In an argument. It's questionable whether it would convince a tribunal, mind, but it's an argument.
I've decided I now agree completely with chicken farmer vis-à-vis the VAT.
I'm surprised that you are so ready to accept HMRC's guidance. In any event, though, the paragraph cited makes no mention of members of directors' family. Secondly, it does not block input VAT on meals etc on business trips. Whether this could be considered a business 'trip' I'm not sure but it is certainly debatable.
In practice HMRC will accept their own guidance, and I know from experience that this is how they will seek to apply it in this sort of situation. And it would have to be a really expensive meal for it to be worthwhile arguing the toss; I mean debating the issue.

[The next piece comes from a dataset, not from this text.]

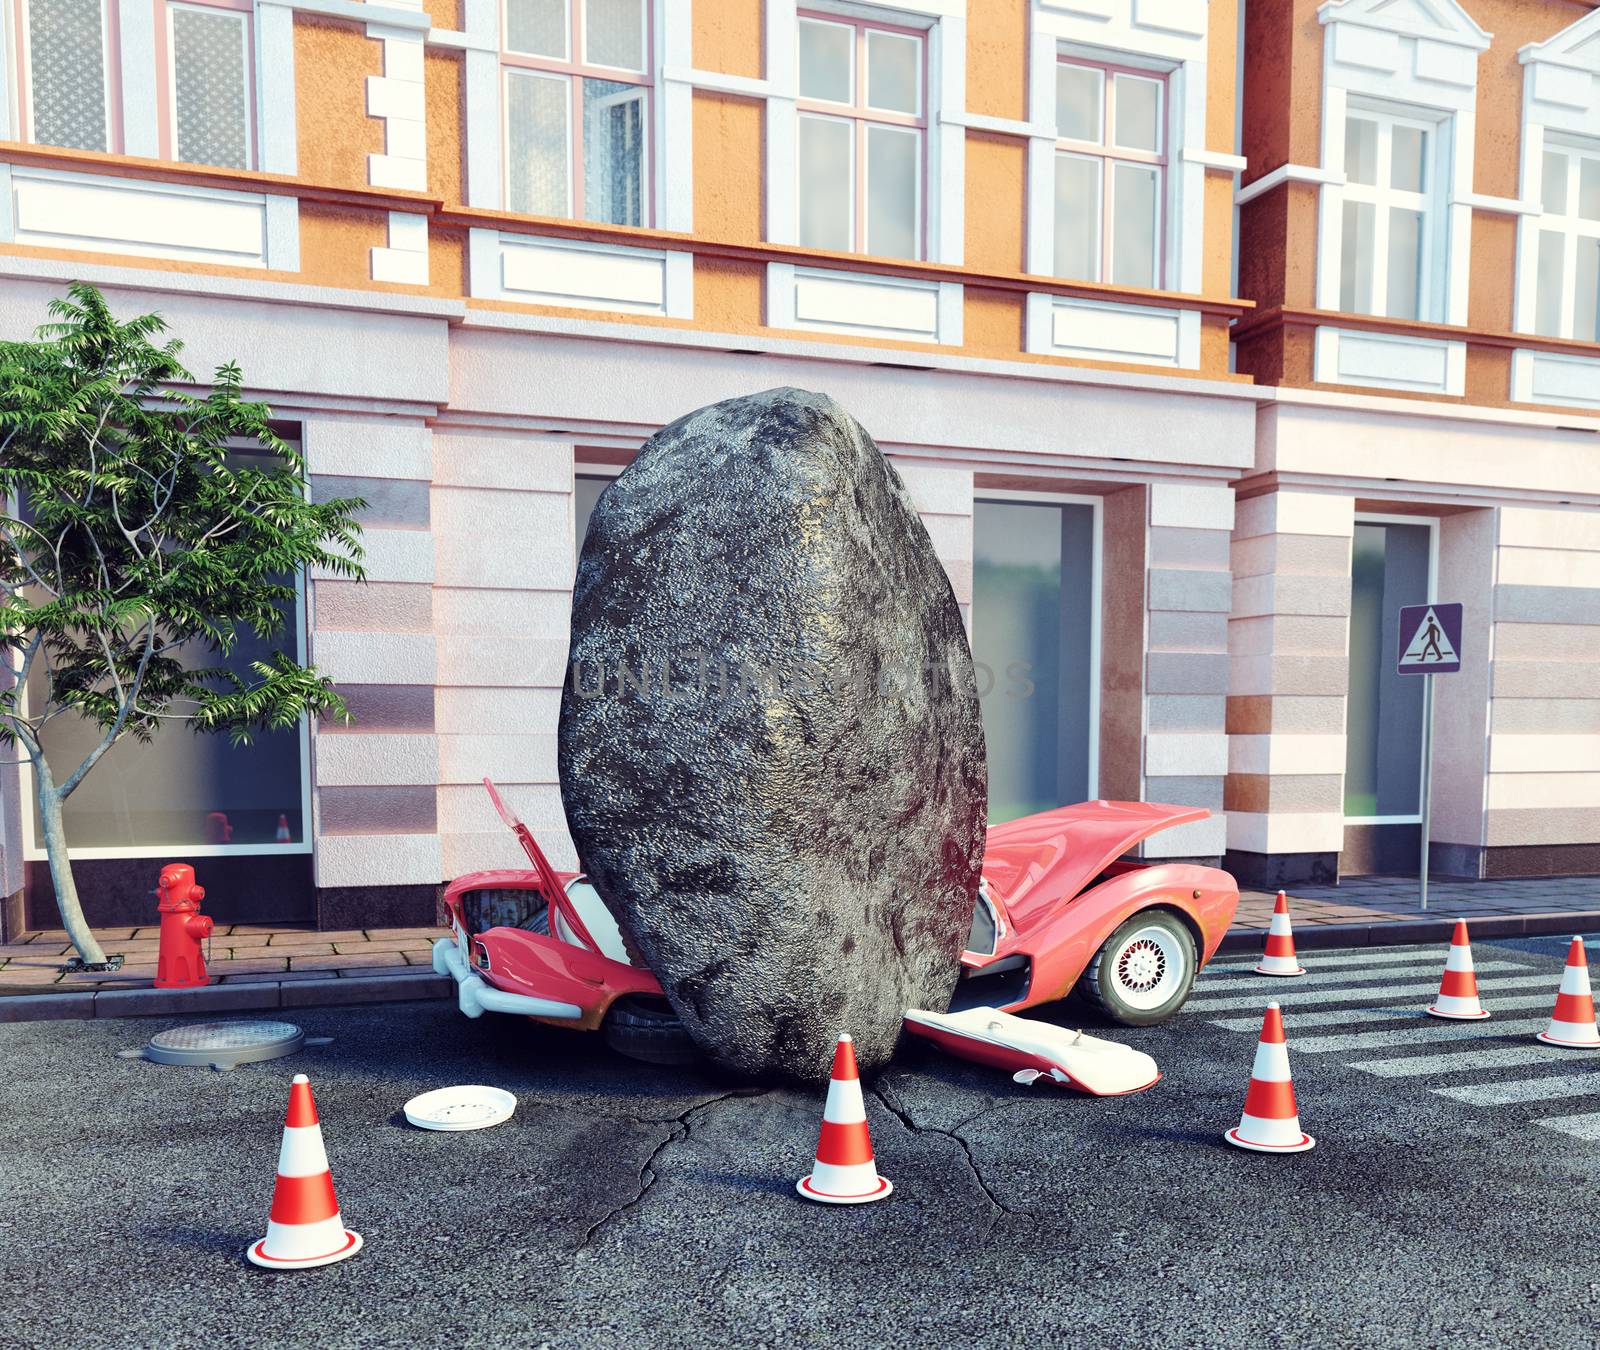 meteorite fell on a parked car. 3d concept

"In practice HMRC will accept their own guidance". Unless, as has been proven to be the case, it doesn't suit their argument.
But I agree that one needs to consider the commerciality of arguing the matter.
What exactly is leading people to disallow this? Have we forgotten that the purported purpose was strategy discussion?
Is it the lavish nature of the occasion?
Is it the fact that it's the attendees are all related (notwithstanding that they are the senior staff of the company)?
How would you treat the costs of an offsite meeting at a plush venue for the directors of Megacorp plc? Or the costs of a sales conference for the sales team? Or for that matter an annual professional event?
Assuming that the cost per head was less than £150, would it make a difference if there was another (cheaper) event for other staff - in effect making the events into the Christmas party?
I saw recently on social media that one of the app companies took all 50 of its staff to Bali for a week for some sort of team brainstorming / mastermind session or whatever these software types call it.
I wonder how they square that away with HMRC (and their investors).
PSA with HMRC, unless they manage to push it through the work-related training exemption, which isn't outside the realms of possibility.
Entry level, free commentary is provided here: https://www.gov.uk/expenses-benefits-social-functions-parties/whats-exempt (fortunately for me I didn't see a mention of VAT so I don't feel like I'm in breach of undertaking in sharing this).
Some folk don't like the publisher, but you'd be foolhardy to ignore the views expressed completely. And the points made are easy enough to look up in legislation.
The same publisher provides much more detailed (and generally better) commentary, also for free, for those prepared to look a bit harder.